Most identity systems focus on the moment of verification. You present something, the system checks it, and you get a result. But that only shows the surface. Inside SIGN, identity isn’t a single step, it’s a sequence that starts much earlier and continues even after verification is complete.

It begins with issuance, where an authorized entity creates a structured, signed credential tied to a defined schema. Instead of being stored in a central database, that credential is handed directly to the user, who holds it independently. This shifts identity from something requested on demand to something carried and controlled by the individual.

When verification is required, the system doesn’t simply expose the full credential. The user creates a presentation, sharing only what is necessary, sometimes not even raw data, but a proof. At that point, verification becomes a layered process, checking signature validity, issuer recognition, schema compliance, and the current status of the credential, all at once.

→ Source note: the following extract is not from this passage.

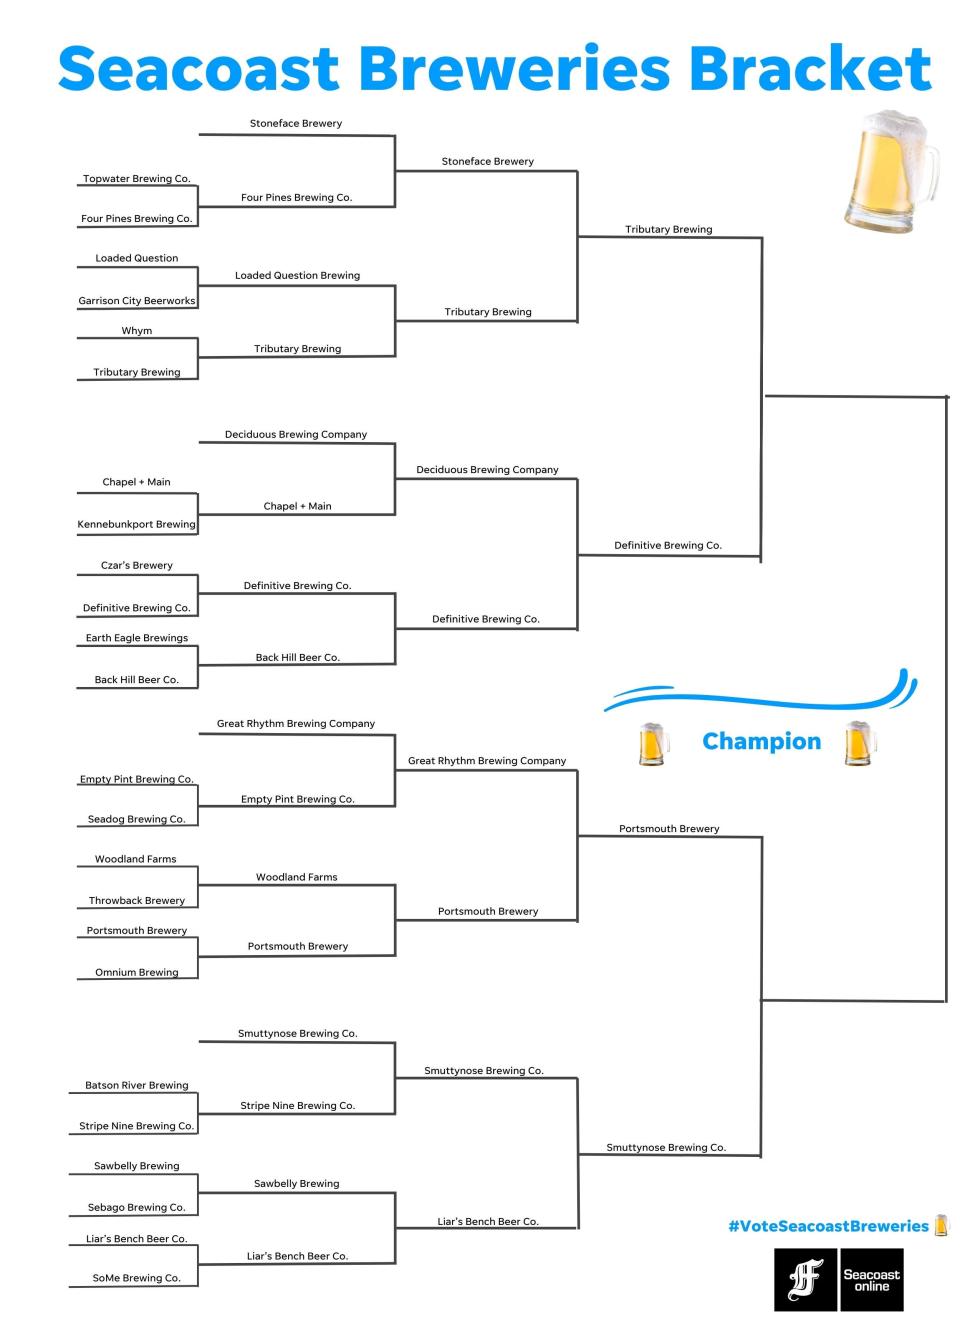 The Seacoast Breweries Bracket has reached the semifinal round.

That last part is where identity becomes dynamic. A credential that was valid before may no longer be valid now, so the system must confirm its status at the exact moment it is used. This means identity in Sign isn’t fixed, it evolves over time and depends on multiple components working together, including issuers, wallets, verifiers, and registries.

As a result, identity is no longer defined in one place. It is assembled at the moment of use, based on shared rules about who can issue, what formats are accepted, and how validity is maintained. So while identity feels portable on the surface, its meaning is still shaped by the system interpreting it, making it less about static data and more about how different layers stay aligned over time.